OpenAI's EU charm offensive: blueprints, partnerships, and a whole lot of promises
The AI giant is rolling out economic blueprints across Europe, the UK, and Australia. I've seen this playbook before.
Crédit photo: Lottie animation by Centre Robotics (LottieFiles Free, used with credit). · source
Look, I'll be honest: when a tech company starts publishing "economic blueprints" for entire continents, my first instinct is to check my wallet. OpenAI's been busy lately, rolling out what they're calling the EU Economic Blueprint 2.0, and I've got thoughts.
The pitch is straightforward enough. OpenAI wants to help Europe "seize the promise of artificial intelligence" and ensure AI is "developed and deployed by Europe, in Europe, for Europe." That last bit made me chuckle. When I was at Kuka, we used to hear similar lines from American automation vendors who'd show up in Augsburg with PowerPoints about how their solutions were really about German manufacturing excellence. Usually meant they wanted our customer list.
But let me complicate my own cynicism here, because the situation's more nuanced than my gut reaction suggests.
What's actually in these blueprints?
The EU blueprint is part of a broader push.
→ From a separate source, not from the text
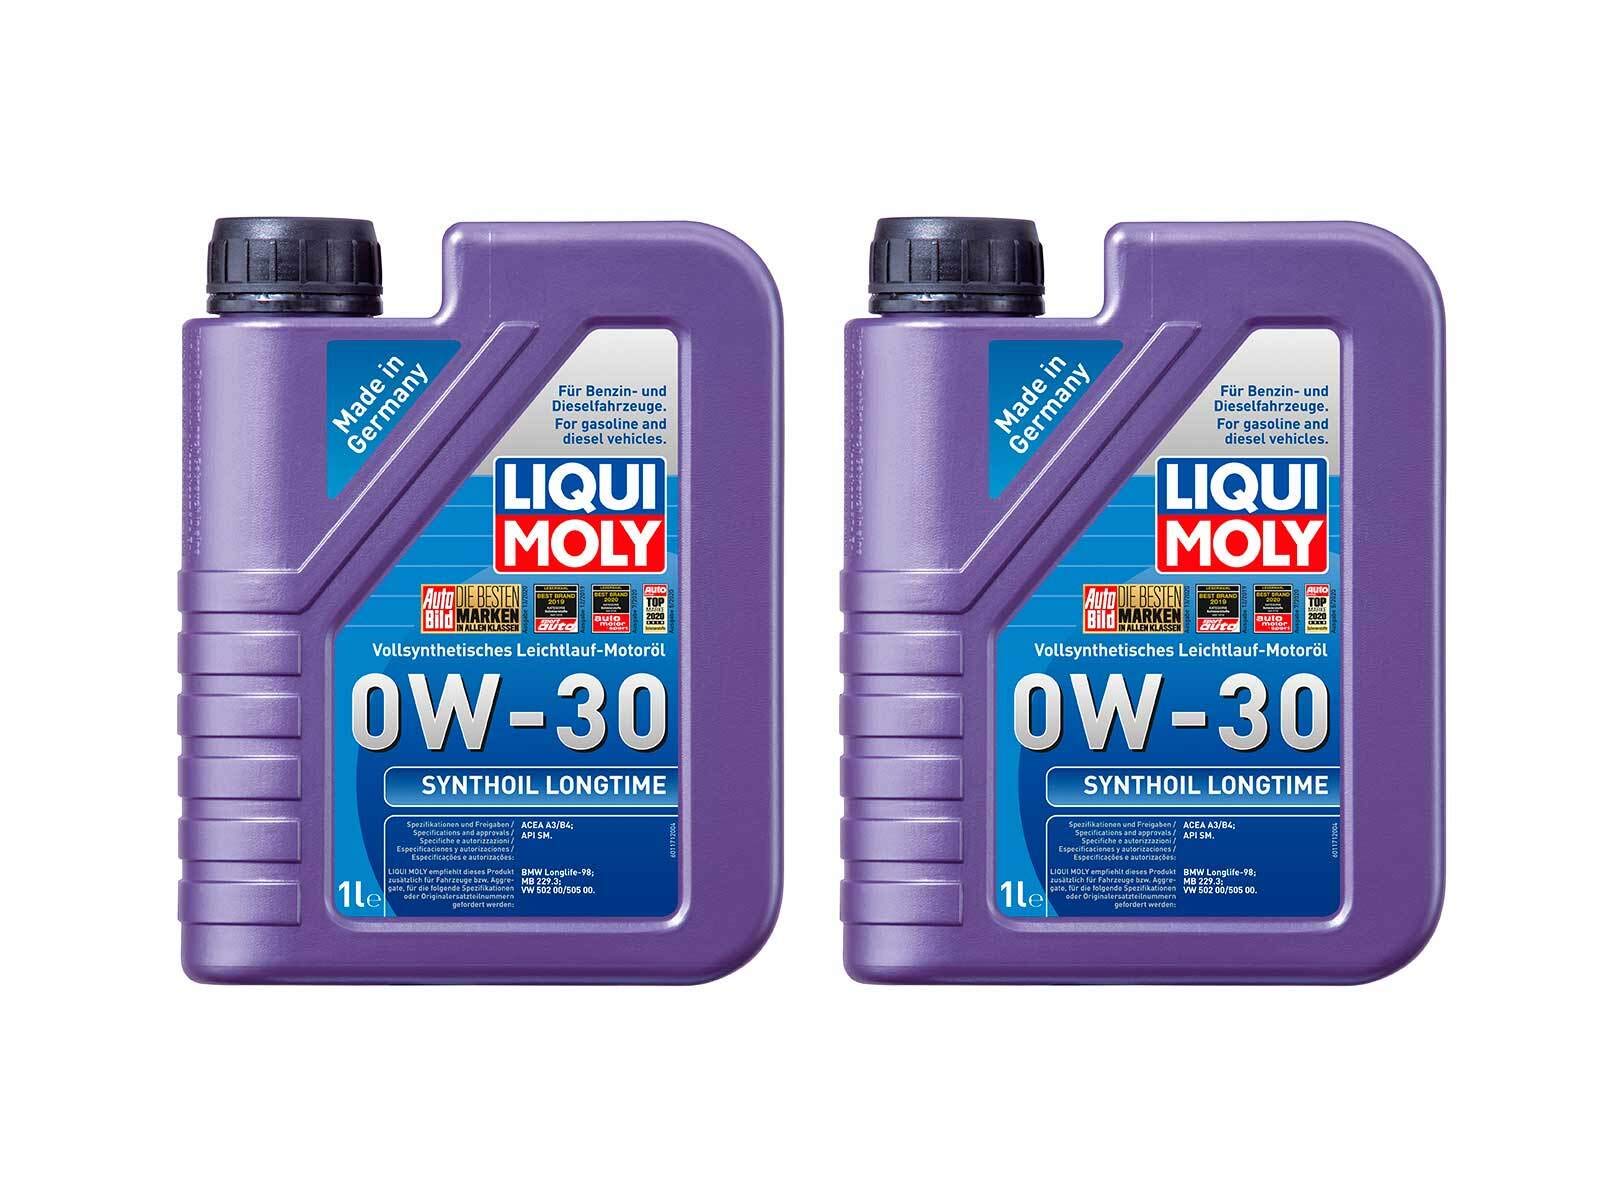 ILODA 2X Original Liqui Moly 1L Synthoil Longtime 0W-30 Motoröl Motorenöl Öl Oil 1171 von ILODA

OpenAI's also announced a UK Government partnership and published an Australian blueprint with Mandala Partners. The common thread is productivity: they're positioning AI adoption as the answer to sluggish economic growth.
The specifics remain a bit fuzzy, which is par for the course with these announcements. We're talking about "accelerating AI adoption, skills, and growth" and "unlocking full economic and social potential." I'd love to see the actual numbers on projected job creation versus displacement, but those details aren't in the public materials I found.